**Given data:**
********************

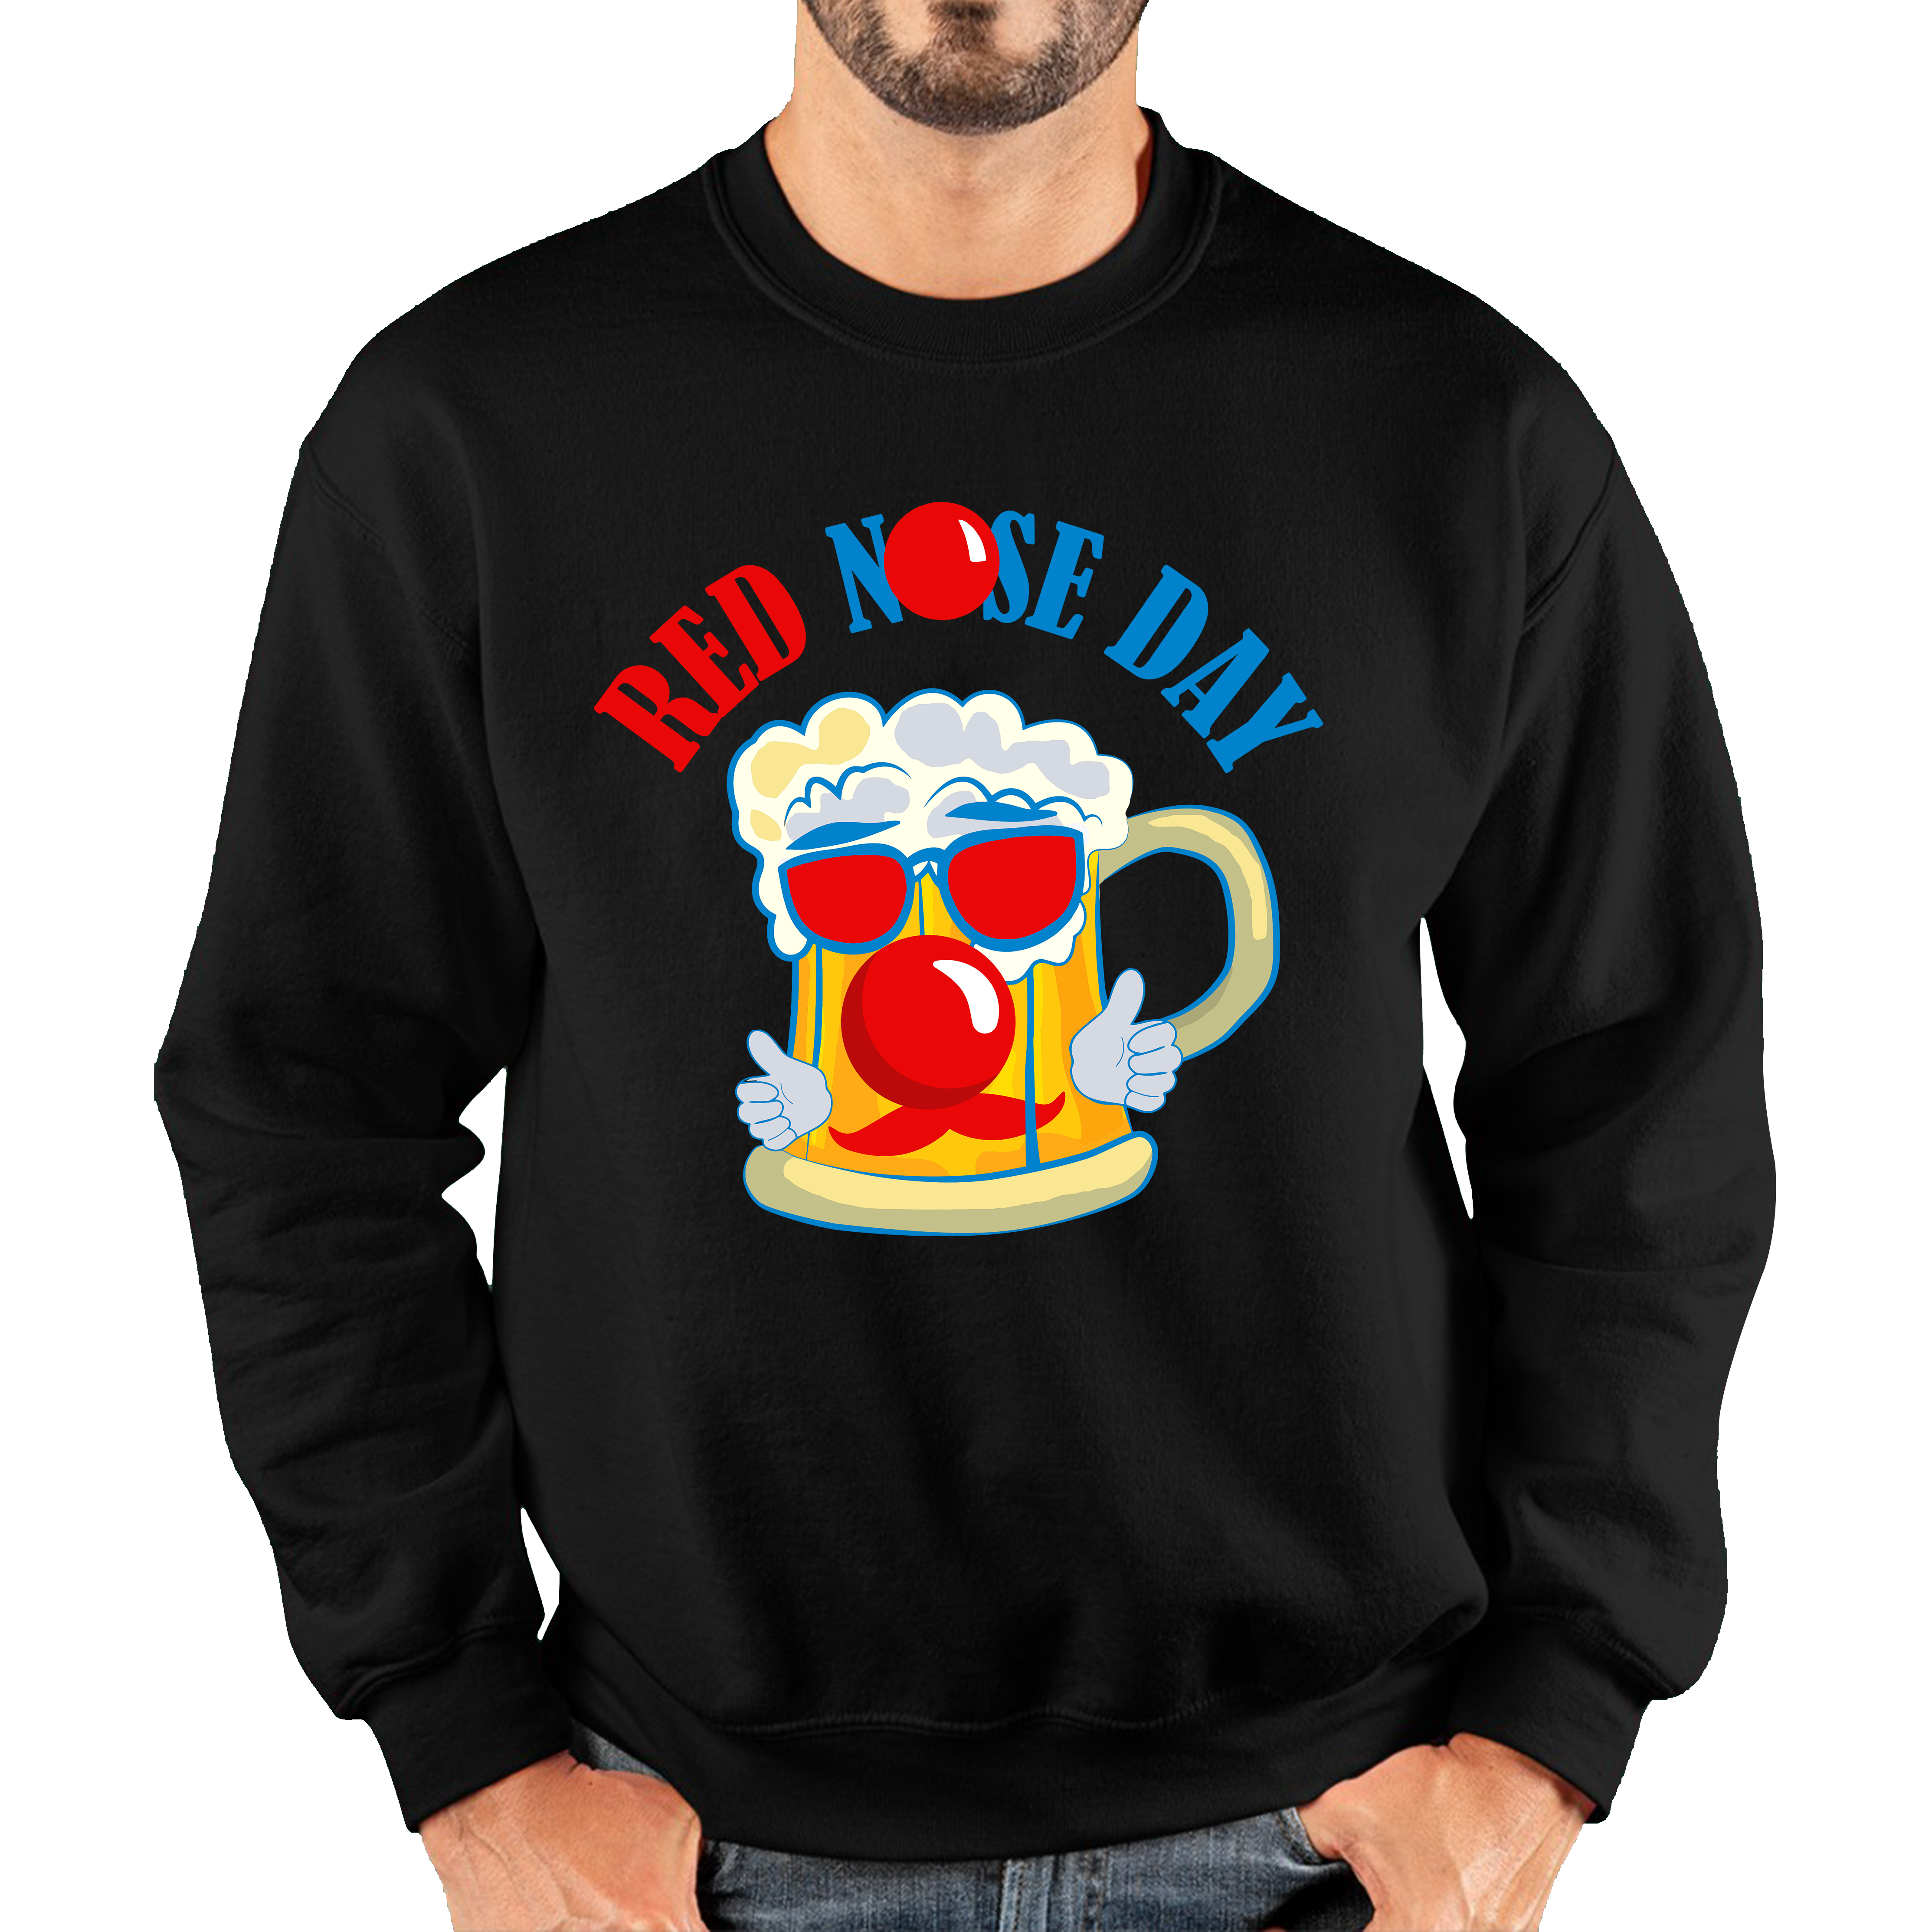 Beer Red Nose Day Funny Adult Sweatshirt. 50% Goes To Charity
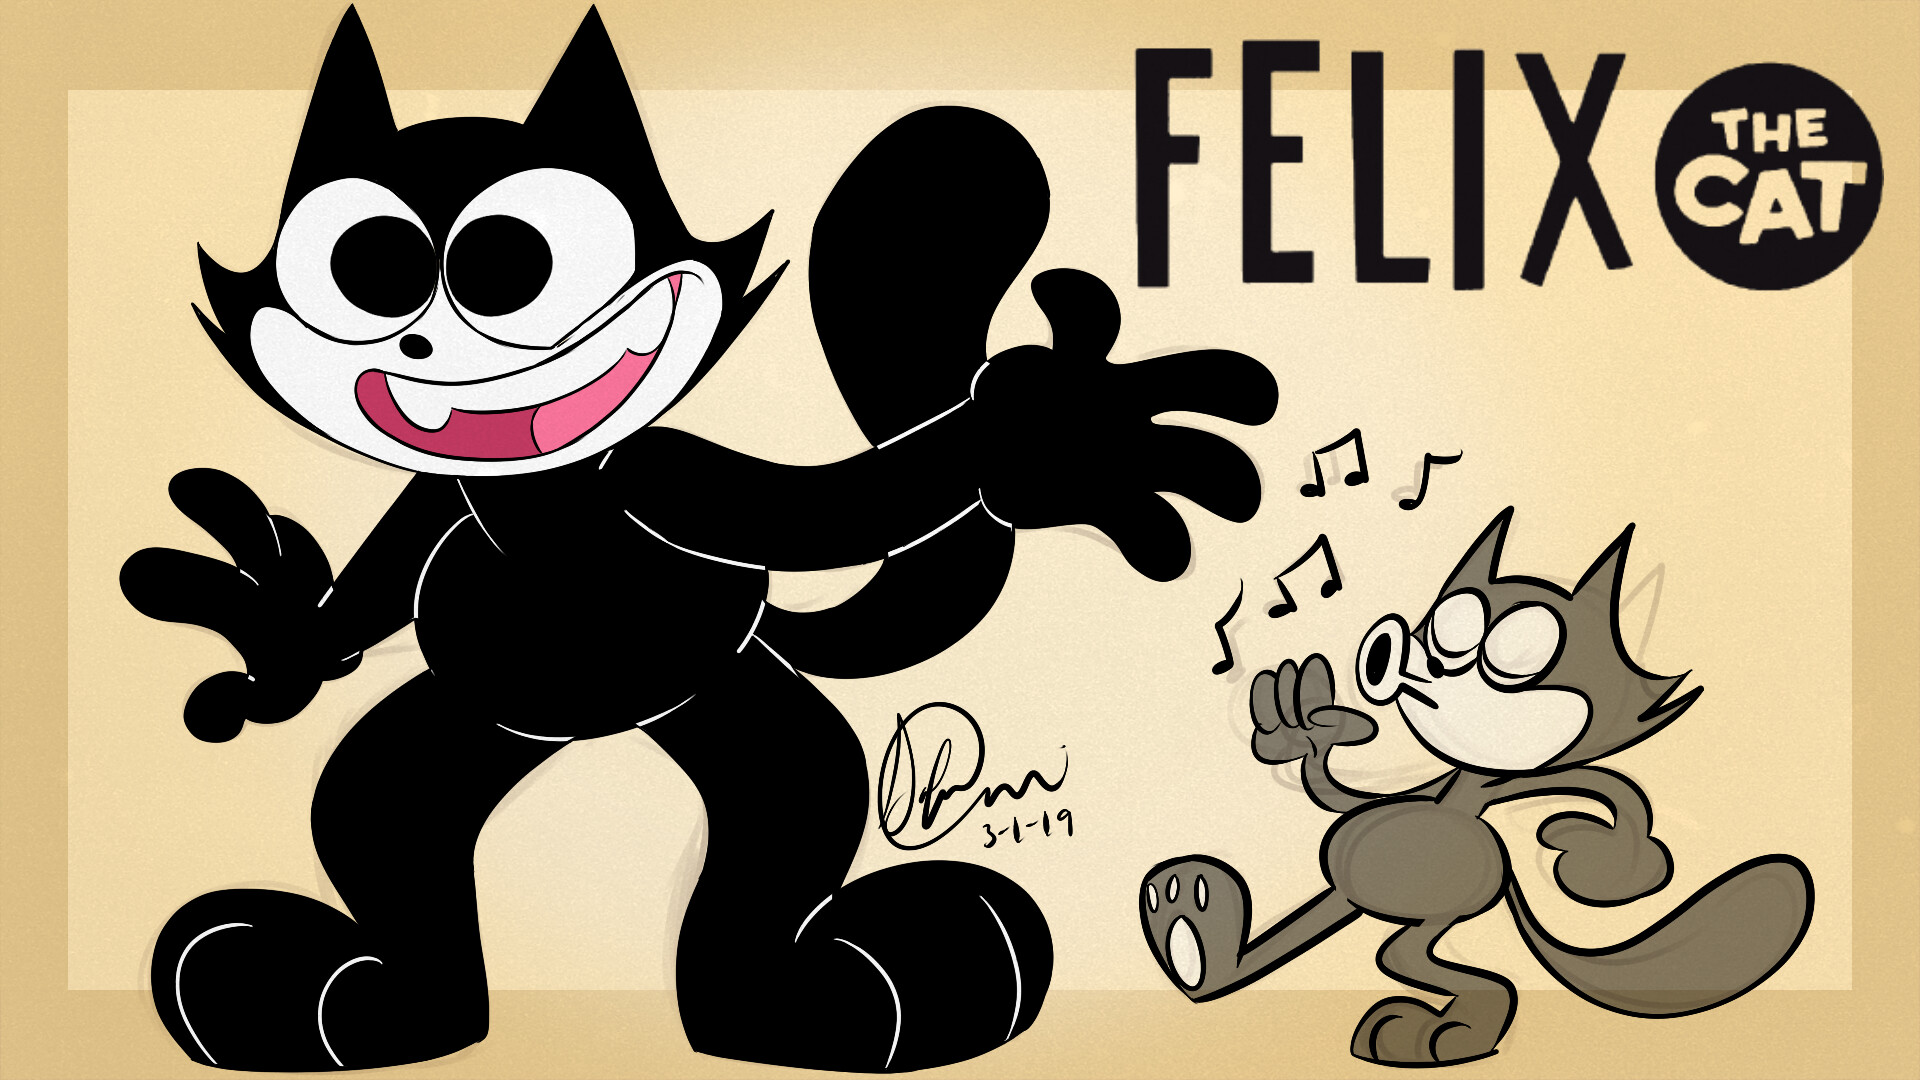 It's 2019 and when are we going to bring back Felix the Cat? 
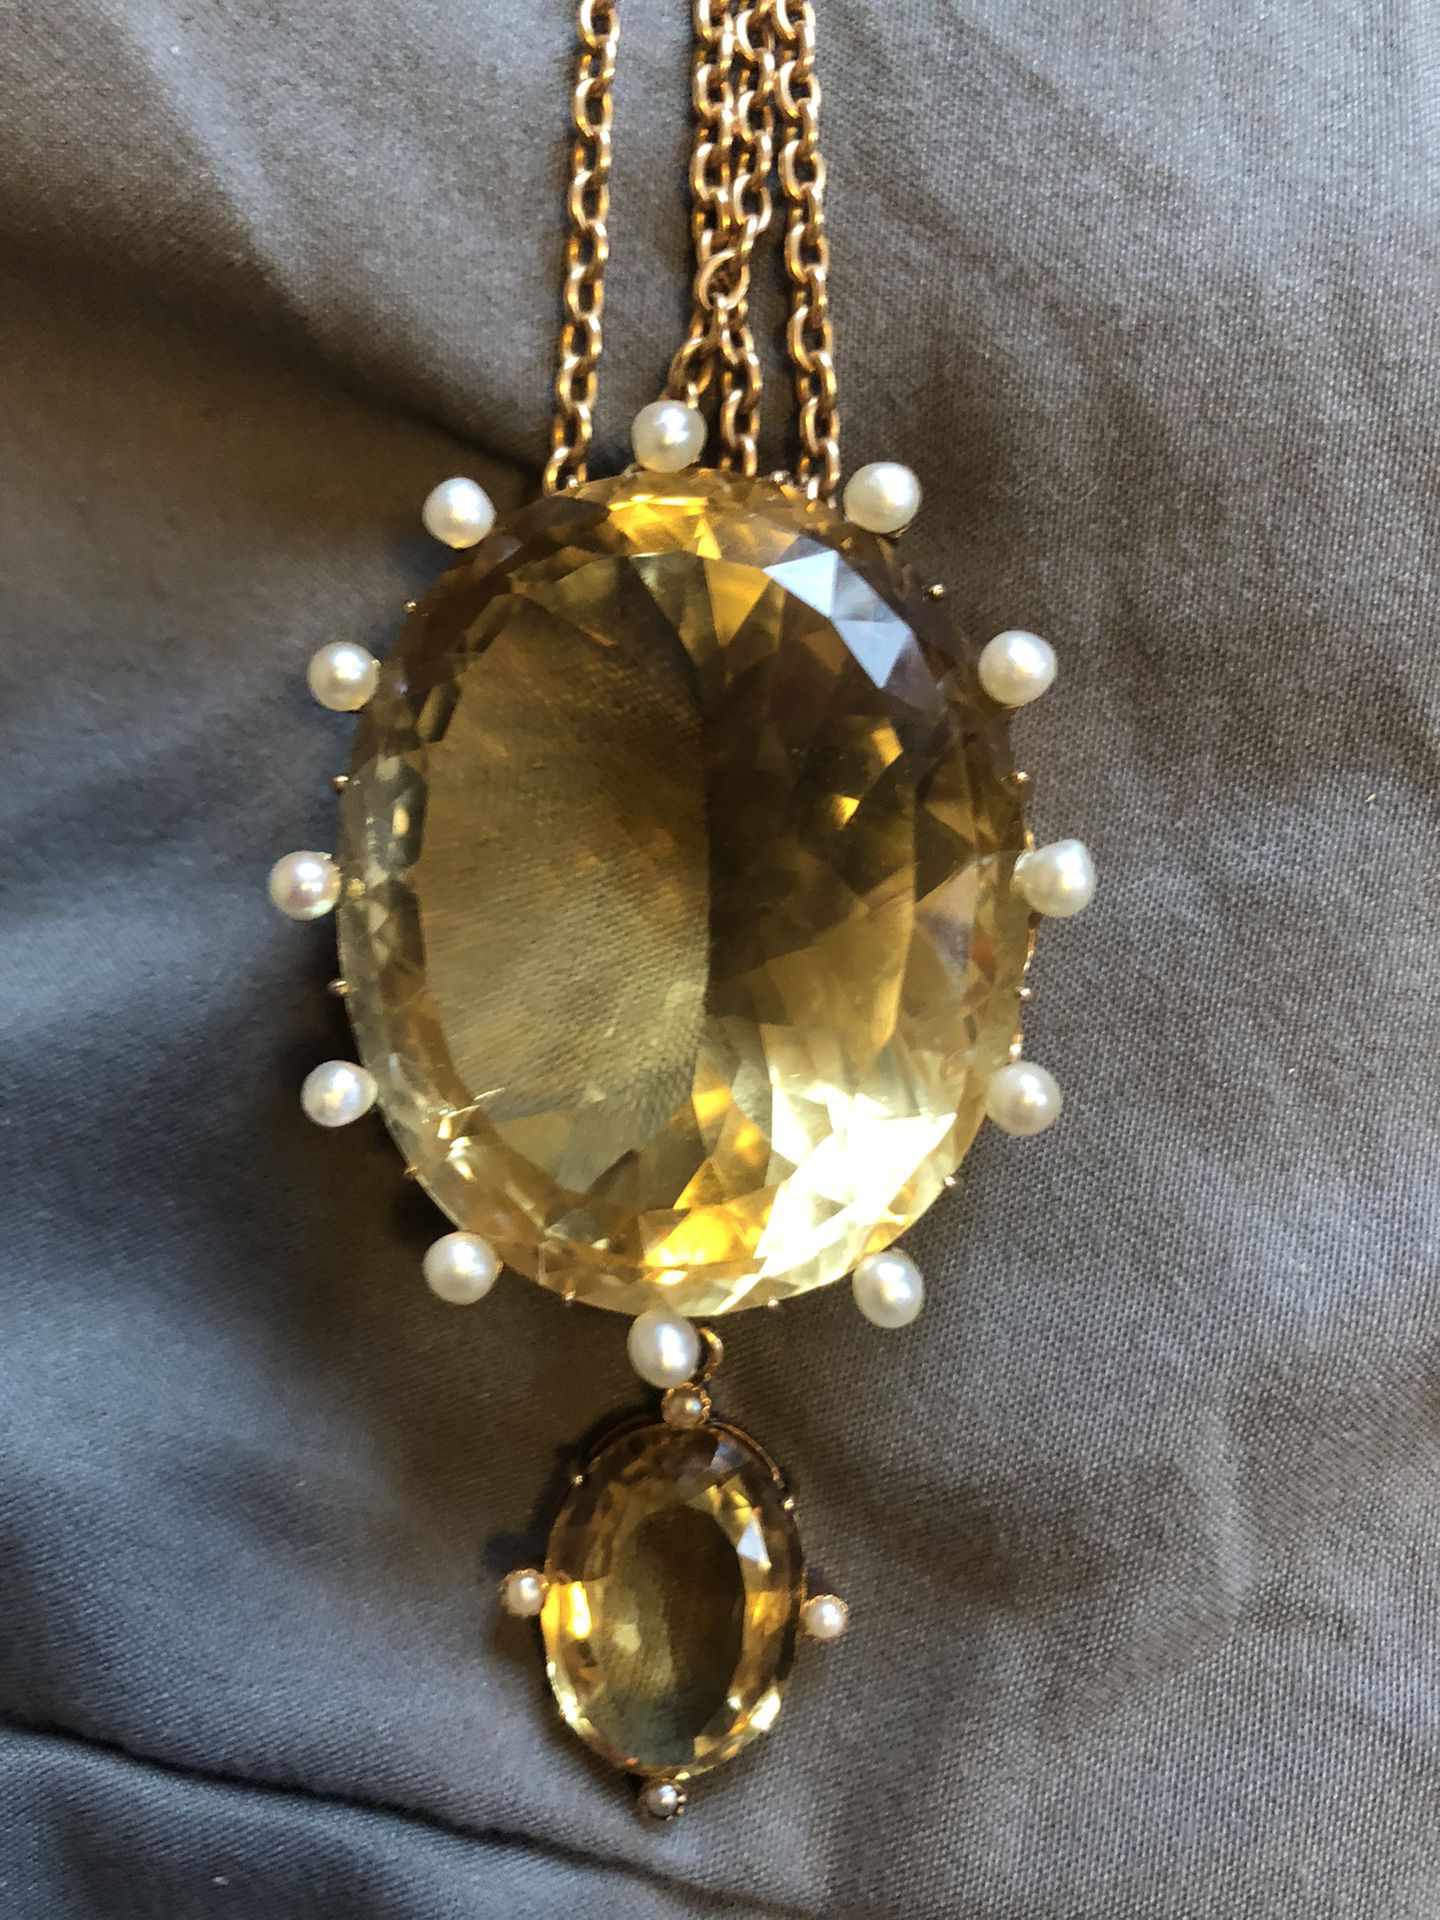 beautiful Victorian Citrine pendant and ring set

********************

**Task prompt:** Restate the listing word for word and drop the pictures.

**Task answer:**
 Beer Red Nose Day Funny Adult Sweatshirt. 50% Goes To Charity
 It's 2019 and when are we going to bring back Felix the Cat? 
 beautiful Victorian Citrine pendant and ring set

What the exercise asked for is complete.